Accompanying drawing explanation
Fig. 1 is the schematic flow sheet of the utility model embodiment one;
The schematic flow sheet of the real the utility model embodiment two of Fig. 2;
The schematic flow sheet of the real the utility model embodiment three of Fig. 3.
Detailed description of the invention
Below in conjunction with drawings and Examples, the utility model is described in detail.
Embodiment one:
The utility model proposes a kind of novel gas cogeneration of heat and power central heating device, it comprises Combined cycle gas-steam turbine system, heat supply network backwater heating system, thermal substation and each connecting line and valve, and Combined cycle gas-steam turbine system is connected with thermal substation by heat supply network backwater heating system.

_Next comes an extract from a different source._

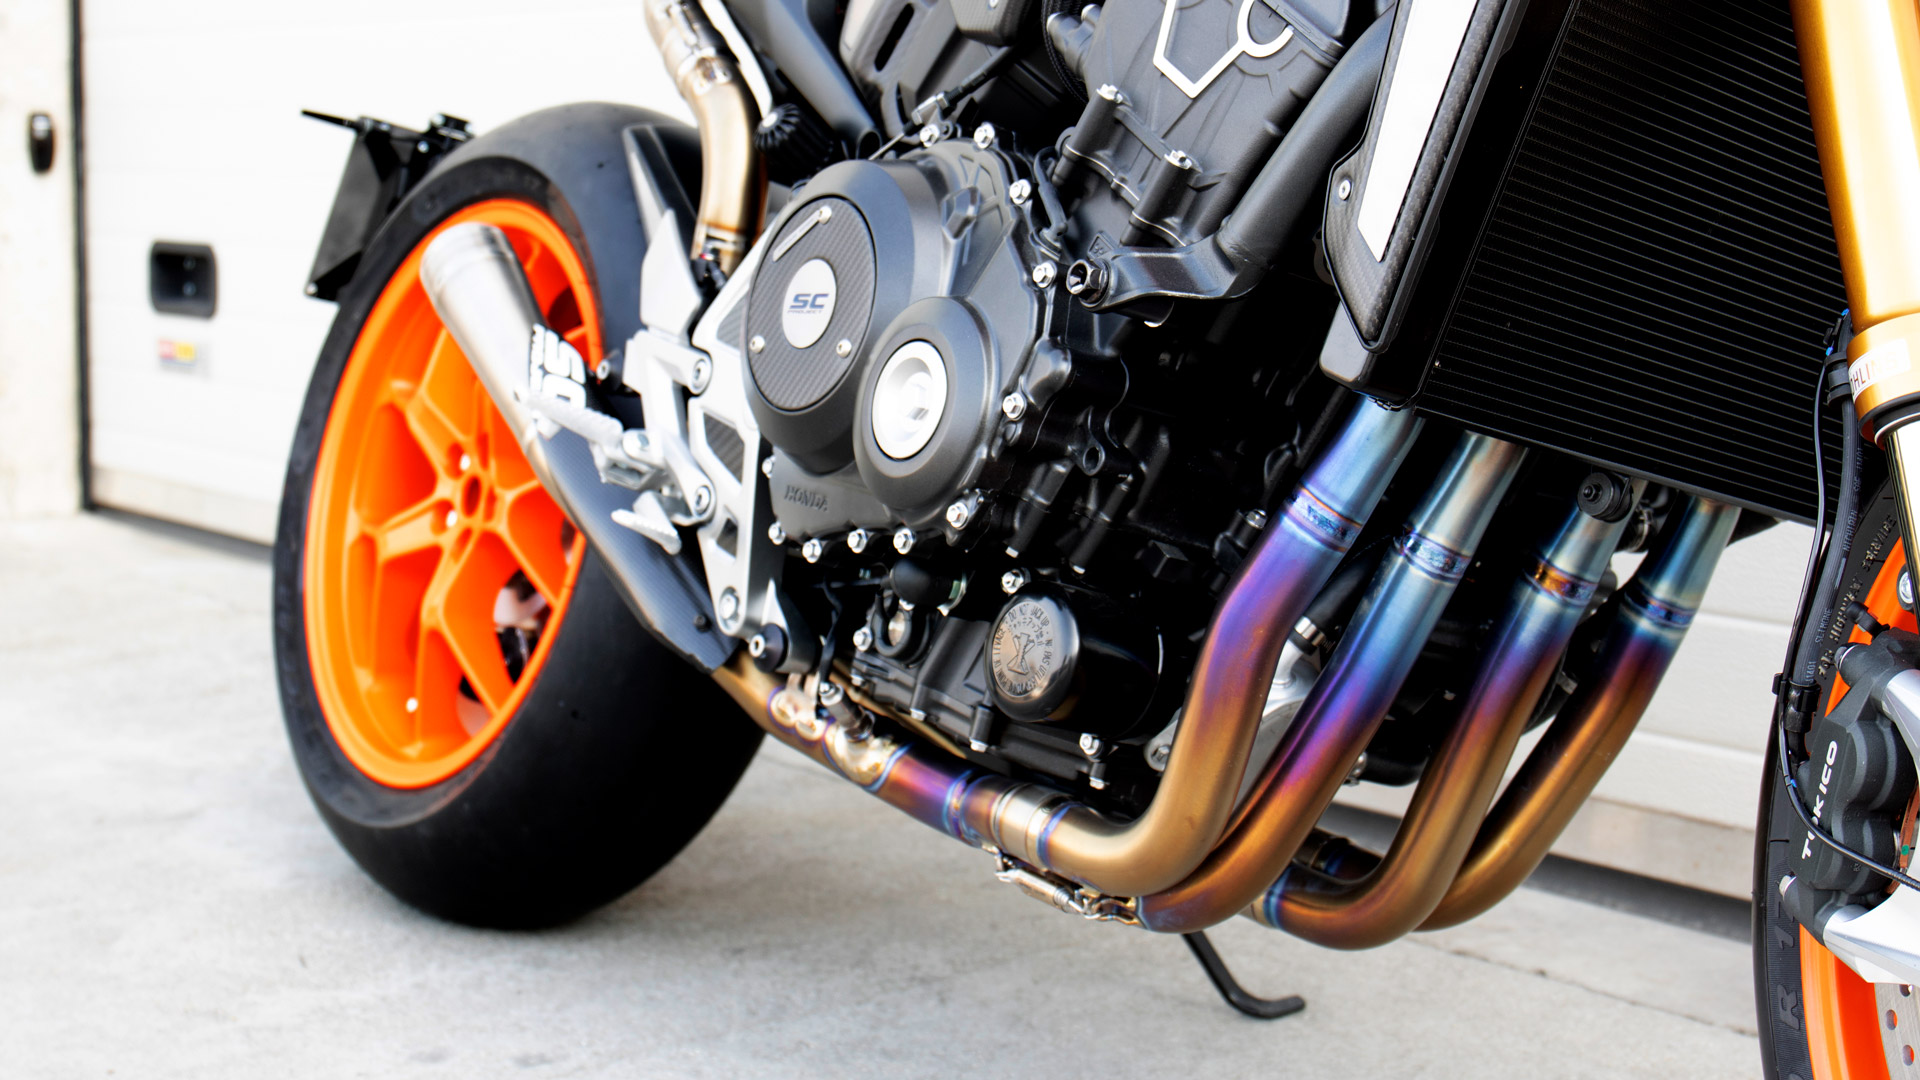 Honda_CB1000R_Dani-Pedrosa_web_001_1920x1080

As shown in Figure 1, described Combined cycle gas-steam turbine system comprises air compressor 1, gas turbine 2, combustion chamber 3, steam turbine high intermediate pressure cylinder 4, turbine low pressure cylinder 5, condenser 6 and waste heat boiler 7.Wherein, in waste heat boiler 7, be provided with boiler tail set up heating surface 8, the end of waste heat boiler 7 is provided with low temperature direct contact heat transfer chimney 9, set up at boiler tail be provided with in the waste heat boiler 7 between heating surface 8 and low temperature direct contact heat transfer chimney 9 in warm direct contact heat transfer section 10.HP steam drum 11, middle pressure drum 12 and low-pressure drum 13 is provided with in the inside of waste heat boiler 7.The outlet of air compressor 1 is connected with the import of combustion chamber 3, and the outlet of combustion chamber 3 is connected with the import of gas turbine 2, and the outlet of gas turbine 2 is connected with the import of waste heat boiler 7.The high-pressure inlet of steam turbine high intermediate pressure cylinder 4, in compress into mouth and be connected with the outlet of HP steam drum 11, pressure drum 12 respectively.The import of turbine low pressure cylinder 5 is connected with the outlet of low-pressure drum 13.The exhaust outlet of turbine low pressure cylinder 5 is connected with the import of condenser 6, and the condensate water outlet of condenser 6 is connected with waste heat boiler 7.The exhaust outlet of steam turbine high intermediate pressure cylinder 4 is connected with the outlet of low-pressure drum 13 and both conjoint outlets are connected with heat supply network backwater heating system.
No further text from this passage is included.